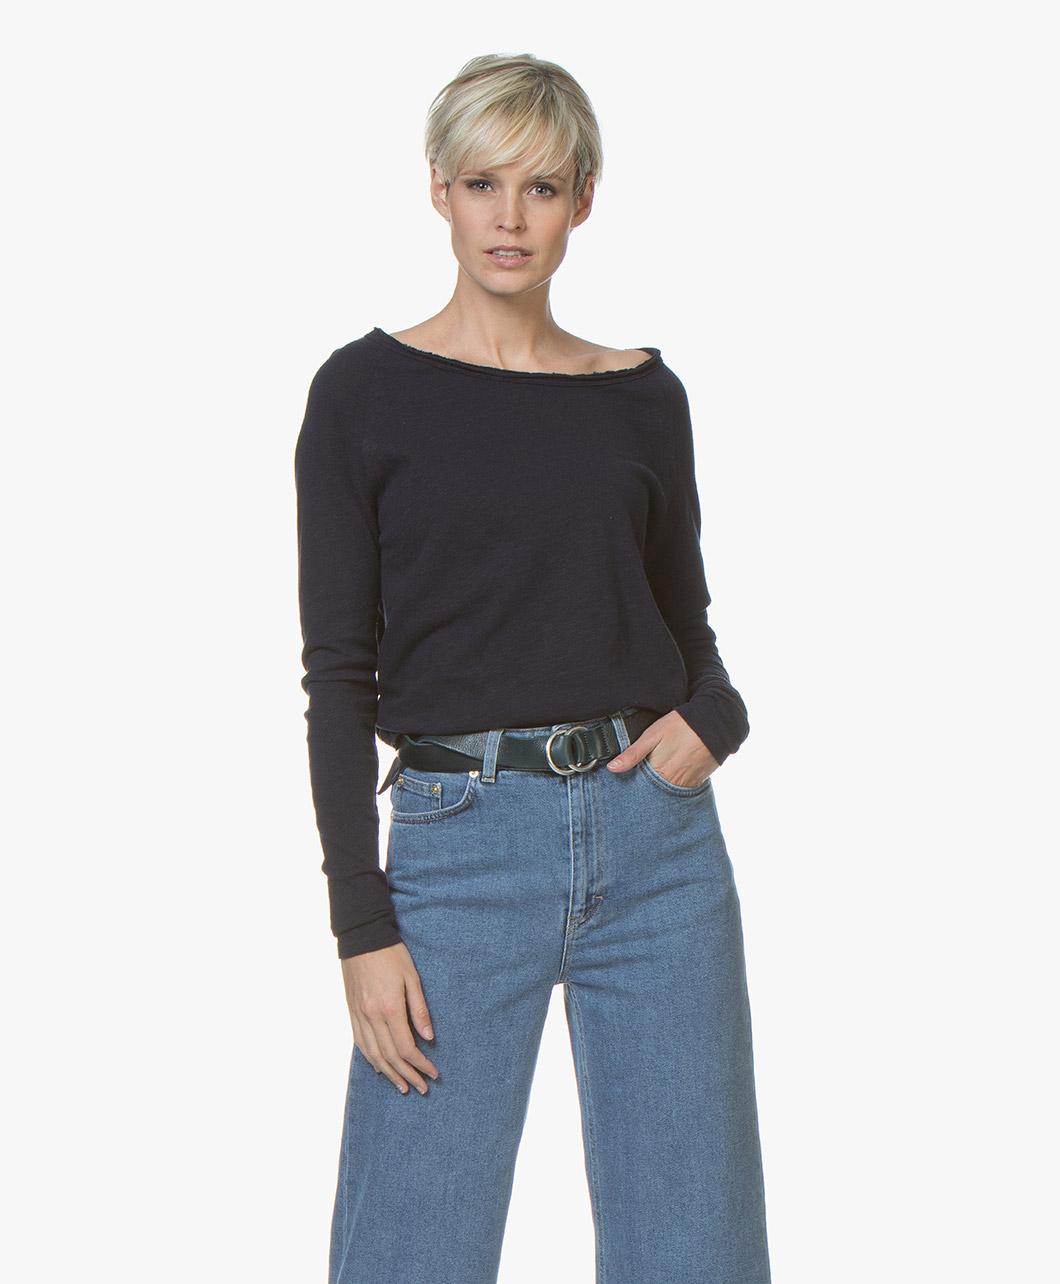 Afbeelding van American Sweater Vintage Sonoma in Lychee
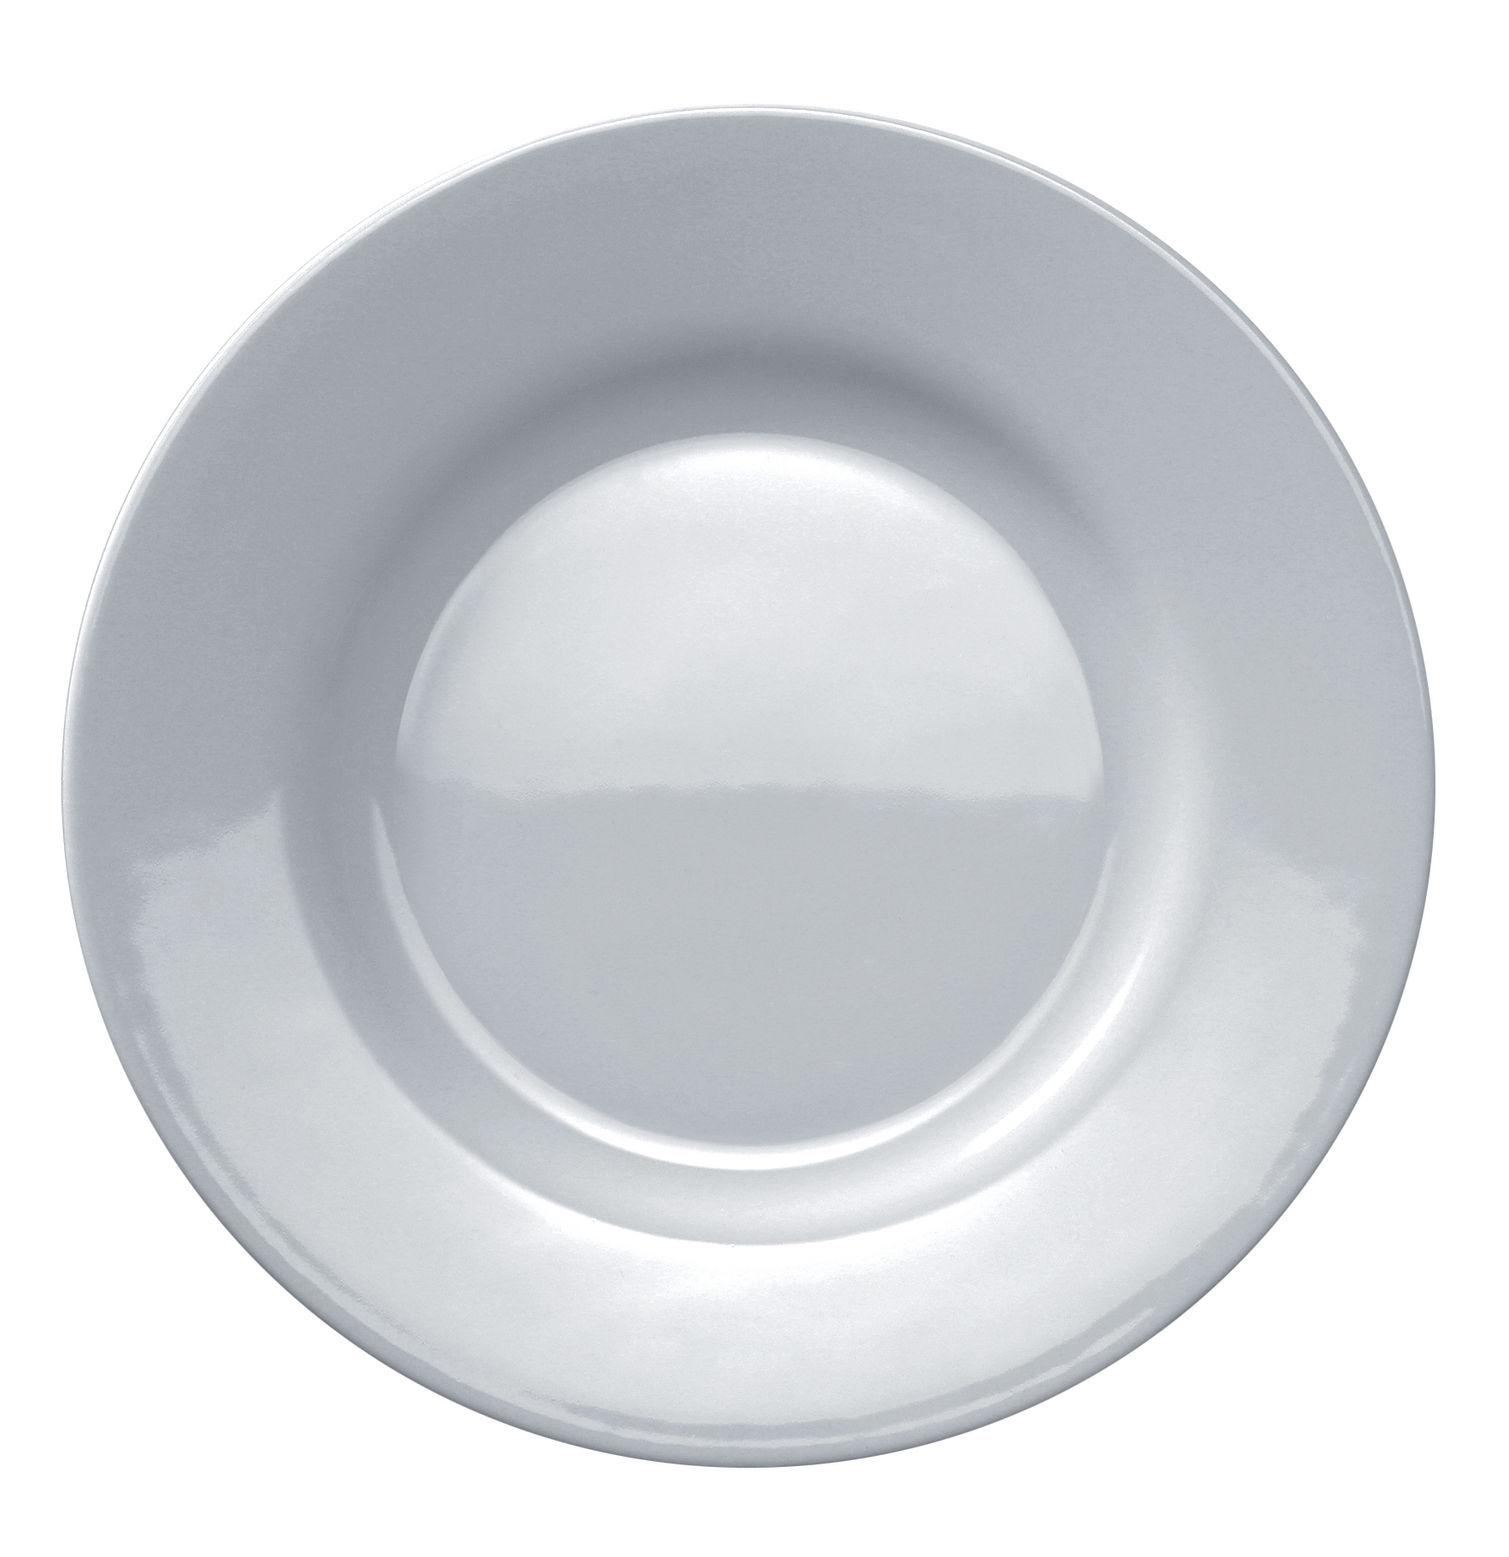 Tavola - Piatti  - Piatto da dessert Platebowlcup di A di Alessi - Bianco - Porcellana
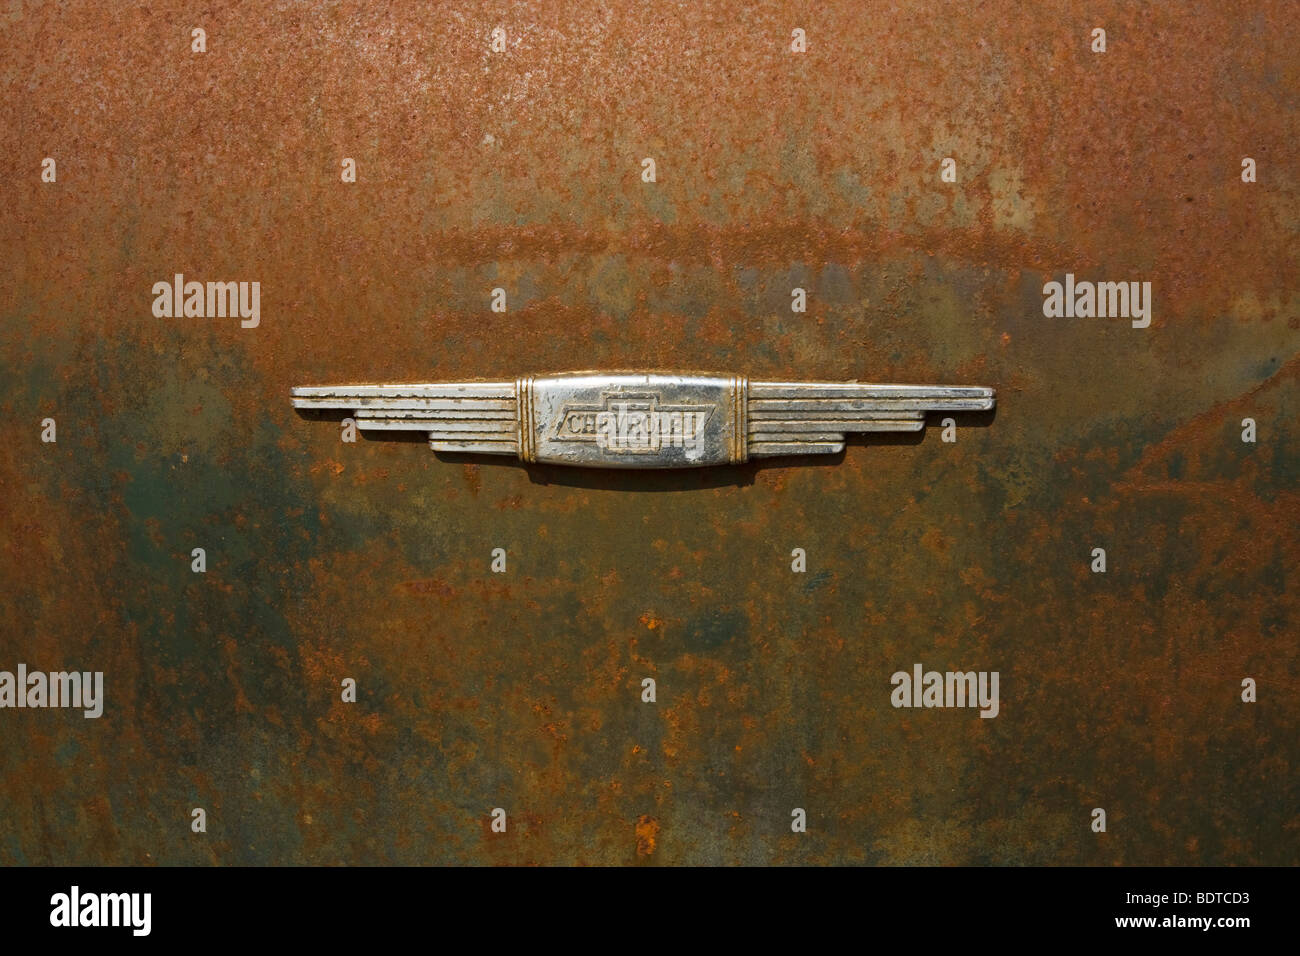 Old Chevrolet Logo Stockfotos & Old Chevrolet Logo Bilder - Alamy

Action item: Without including any picture, write out the material above verbatim.

Response below:
 Afbeelding van American Sweater Vintage Sonoma in Lychee
 Tavola - Piatti  - Piatto da dessert Platebowlcup di A di Alessi - Bianco - Porcellana
 Old Chevrolet Logo Stockfotos & Old Chevrolet Logo Bilder - Alamy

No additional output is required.